Latest update January 14th, 2025 3:35 AM
Dec 07, 2015 Letters
Dear Editor,
Reference the; The Commission of Inquiry into the Public Service, I would like to add the following, as it relates to, Pensions in the Public Service, GPF, GDF and Joint Services. If the suggested age of retirement is 60 to 65 years, pension should be ¾ of the present salary (e.g. An Assistant Superintendent currently earns one hundred and twenty-five dollars per month (GY$125,000.00, therefore pension due to a retired ASP or Acting ASP should be $93, 750.00 per month) and increased based on life expectancy. At present in the Guyana Police Force (GPF) retirement is based on: The Completion of 33 1/3 years to get full pension plus retirement at age 55 years; the full pension is half of your present salary for the past three (3) years. I joined the GPF on 21st of March, 1942 and retired on 31st of March, 1979. I joined as a Constable with a pay scale of twenty-eight dollars (GY$28.00) per month. I retired as Acting Superintendent of Police (ASP) with a Substantive rank of Chief Inspector. My Salary was five hundred and seventy-six dollars (GY$576.00) per month and my pension was Two hundred and eighty-eight dollars (GY$288.00) per month.
.I never had an increase in pension, until President Hugh Desmond Hoyte (deceased) took office in 1985 and the subsequent change in government in 1992 when the PPP/C continued the 5% annual increase, while neglecting to make adjustments for inflation and cost of living adjustment. After many years former President Bharrat Jagdeo gave a meager increase and classified the dollar pensioners including Head Masters, high ranking policemen and all senior government ex employees and junior ranks in the police force with 15 years or less service on the same scale (this included barrack labourers, junior ranks in the GPF with 15 years or less service retired medically unfit were lumped in the same pension bracket. This ideologically imposed pension and benefits plan makes no actuarial and economic sense. This failed socialist experiment in a capitalist economy has left pensioners in tatters.
As a result of the above (8), even a Constable retiring today gets more pension than ranks and public servants who previously served in excess of 33 1/3 years.
NIS is compulsory. When a male contributor all his life provided for the benefit of his wife and family dies, his wife gets no benefits from his contribution. In a situation where she is not a housewife and working and paying NIS, she is not entitled to benefit from her husband’s contribution. NIS response is, you cannot draw two pensions. I think it is unfair and unjust, particularly for a housewife without a job and loss of means upon death of a sole bread winner.
Policemen and the Military should be considered separately! They are always on duty, e.g., he has completed his/her tour of duty and whilst going home encounters a crime is committed within view, he/she has to take action. In another scenario he/she may be at home and a crime is committed or there is unrest, action has to be taken in line. In the absence of that special consideration, make allowance for them to be paid overtime.
Soldiers are pensionable after twelve (12) years, Member of Parliament (MP) after four (4) years, and Policemen after 33 1/3 years.
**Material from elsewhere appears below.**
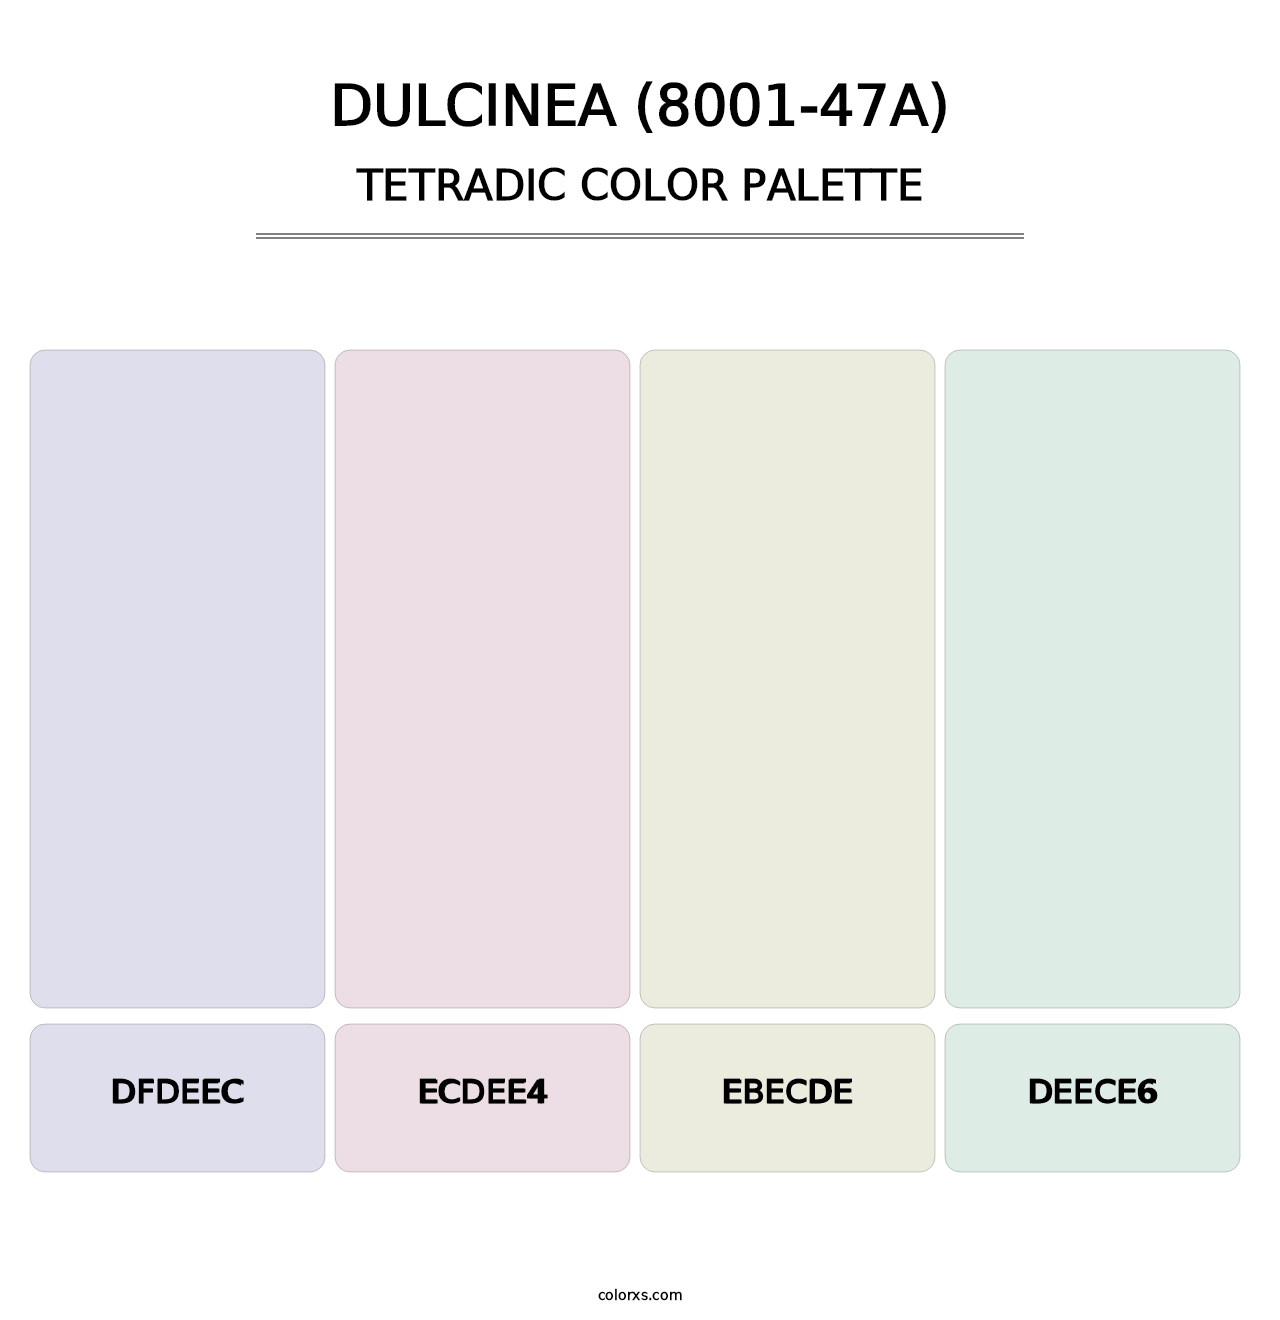 Dulcinea (8001-47A) - Tetradic Color Palette

If the age is of retirement is increased, three (3) generations will meet you in the GPF, that is, if you join at eighteen (18) years, by the next eighteen years of service, the child born on the day you joined will meet you in the GPF and may be more qualified, to be followed by another generation.
Regardless of how “bright” you may be, the GPF works by establishment, so everyone cannot be promoted. A system must be in place for those who cannot be promoted, to be compensated incrementally above their juniors who would be “green” in service. Pensions must be established with automatic indexing for annual increases due to inflation and cost of living increases, such as the elevation of the national minimum wage. Pensions must not be stagnated or left to the political machinations of the day or the whim or fancy of an ideological ruler of the day. Pension and benefits must be calculated by strict formulas agreed to by and not limited to collective bargaining agreements. Some plans increase pension payments to retirees each year to fully or partially match the rate of inflation. This is a highly valuable benefit because it helps your pensioners buying power keep up with rising prices over time.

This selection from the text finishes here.